Идея, а именно подбор музыки и установка на театрализацию вечера, принадлежала Рауфу Фархадову. В результате мы увидели настоящий моноспектакль. Лирический сюжет развертывался на сцене как стенограмма в музыке и жестах различных стадий любовного переживания. Певица и пианистка, обе в одинаковых платьях, символизировали невероятную тонкость, ранимость и отзывчивость женской души (может быть, взаимопонимание женских душ, может быть – две стороны одного персонажа). Все было исполнено с безупречным вкусом: при невероятной экспрессии и в музыке, и в жестах – ничего лишнего, ничего нарочитого. При этом льющийся вокал, безупречный немецкий у певицы, четкая артикуляция и выразительность у пианистки. Браво!..
ЧЕЛОВЕК ПЕРЕД ЛИЦОМ ВЕЧНОСТИ
В драматургии караевских фестивалей всегда значимо подаются финальные концерты. Монументальность, понимаемая как обращение к глубинным проблемам бытия, неизменно становится неким призывом к слушателю, приглашением задуматься о чем-то сущностном, далеком от повседневности. На этот раз девять произведений различных авторов и жанров предстали в исполнении Азербайджанского государственного оркестра под руководством маэстро Рауфа Абдуллаева и московского хорового коллектива Questa musica во главе с молодым дирижером Филиппом Чижевским. Сочинения композиторов разных стран были объединены, помимо общей для них хоровой составляющей, литургической направленностью, в той или иной степени присутствующей в каждом из них. На подобное настраивали, прежде всего, обозначенные в буклете программные подзаголовки: «Проповедь», «Молитва», «Потоп». Но только три исполнявшихся произведения были связаны с собственно сакральной тематикой: «Верую» Игоря Стравинского и два опуса Александра Вустина. В последних помимо интересного звукового сочетания ударных инструментов и хора a cappella поразила нестандартная трактовка жанра – в данном случае последней части мессы. Было в этом Agnus Dei что-то непримиримое, категоричное, а скандируемые хором слова Dona nobis pacem («Мир даруй нам») производили сильное впечатление именно благодаря тому, что воспринимались не как призыв к успокоению, а как напоминание о гневе Божьем (почти как Dies irae).
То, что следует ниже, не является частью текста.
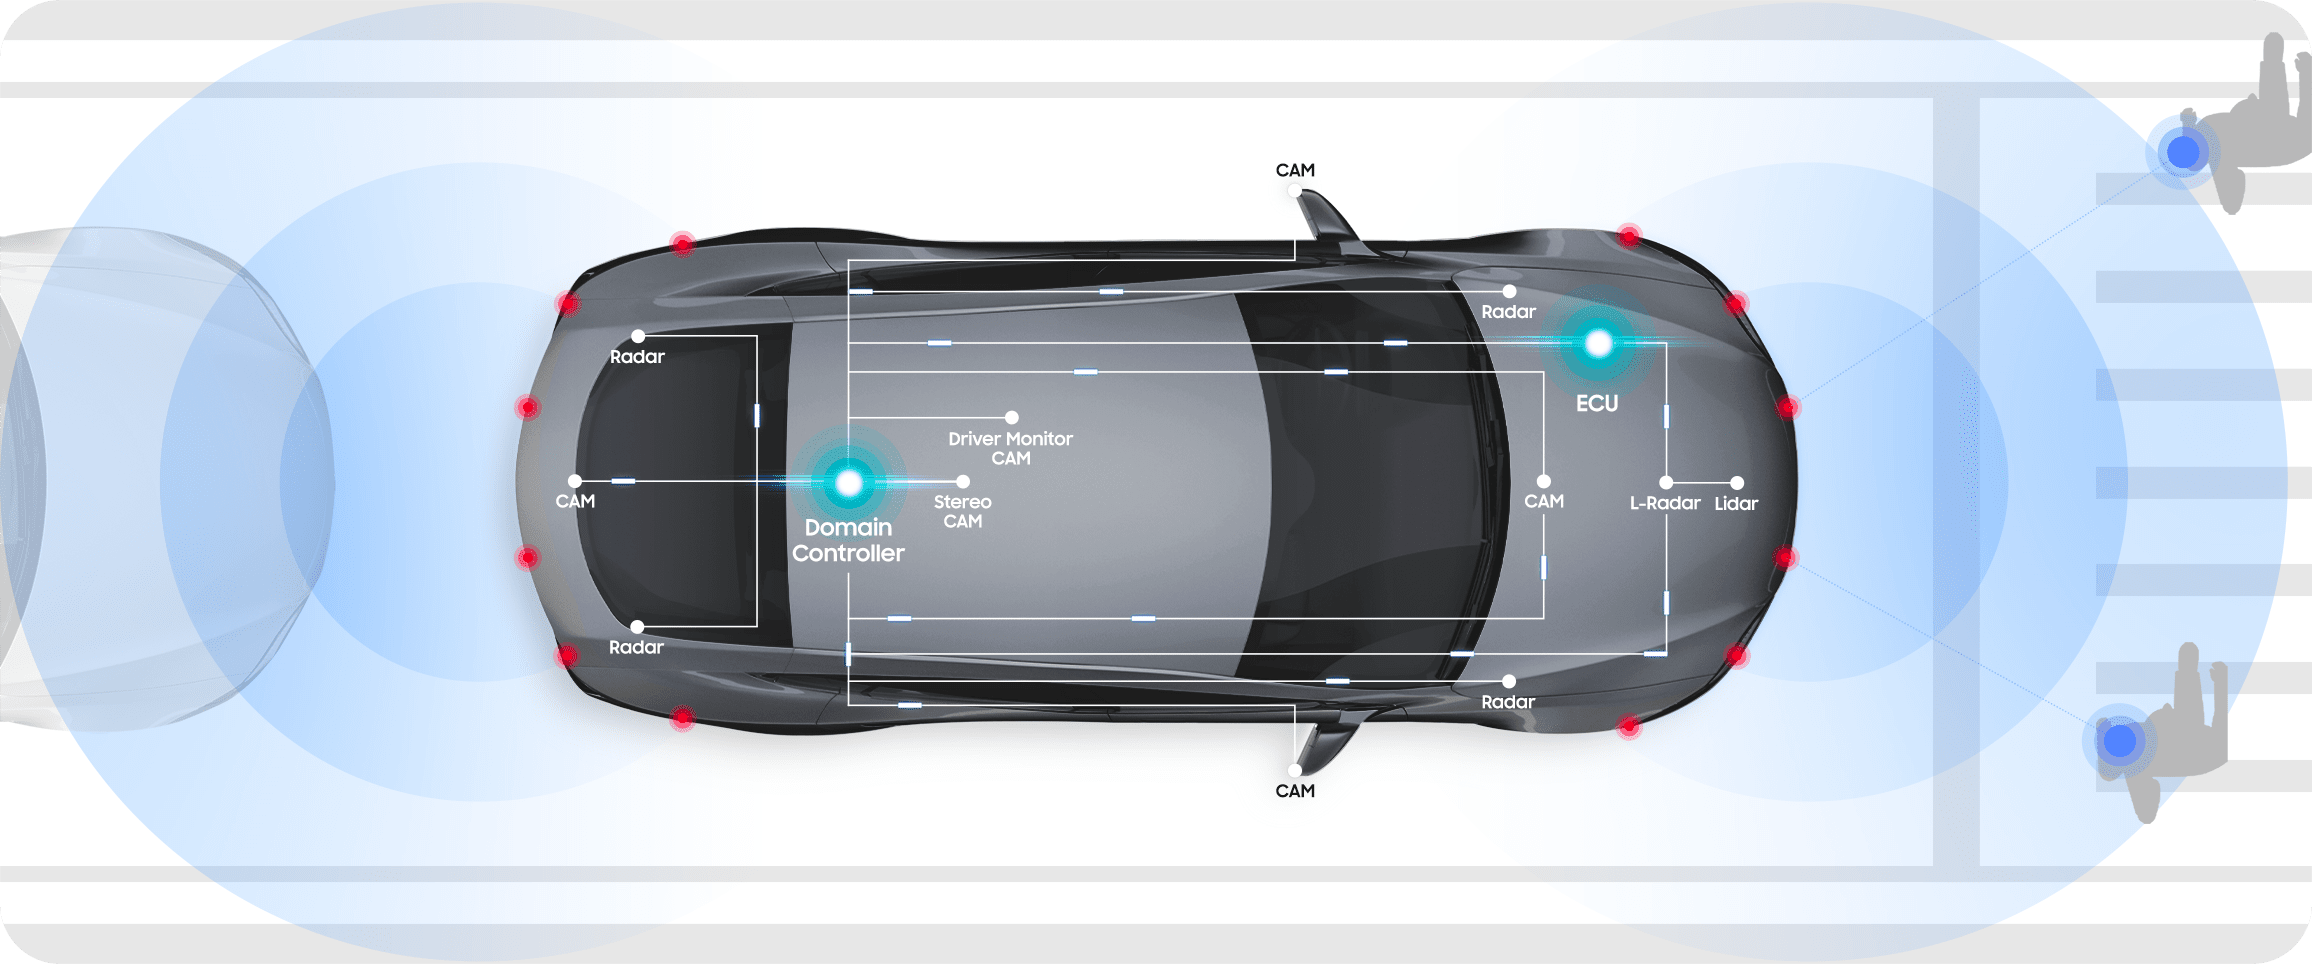 Samsung Electronics LPDDR4, LPDDR4X, and UFS help the host system make autonomous driving decisions on autonomous driving technology level 3.

Страшный подтекст безысходности угадывался в кантате-трилогии шведского композитора Бо Нильссона «Письма Гесту Освальду». Музыка, представленная контрастами нежного хорового звучания и жесткости, скрежета оркестра, сорвалась к концу в неистовый человеческий вопль. Новая интерпретация образа Смерти…
Кульминацией вечера стало исполнение знаменитого «Уцелевшего из Варшавы» Шёнберга. Успех данного конкретного исполнения этого знакового опуса в немалой степени был обусловлен талантом Фариды Мамедовой, которая в интерпретацию партии чтеца вложила всю силу своего недюжинного темперамента.
С большим вкусом и глубоким пиететом к Кара Караеву была подана своеобразная кода всего фестиваля. После «Трех стихотворений Анри Мишо» Витольда Лютославского – невероятно изобретательной хоровой партитуры – зазвучала музыка финала балета «Тропою грома», последний аккорд фестиваля.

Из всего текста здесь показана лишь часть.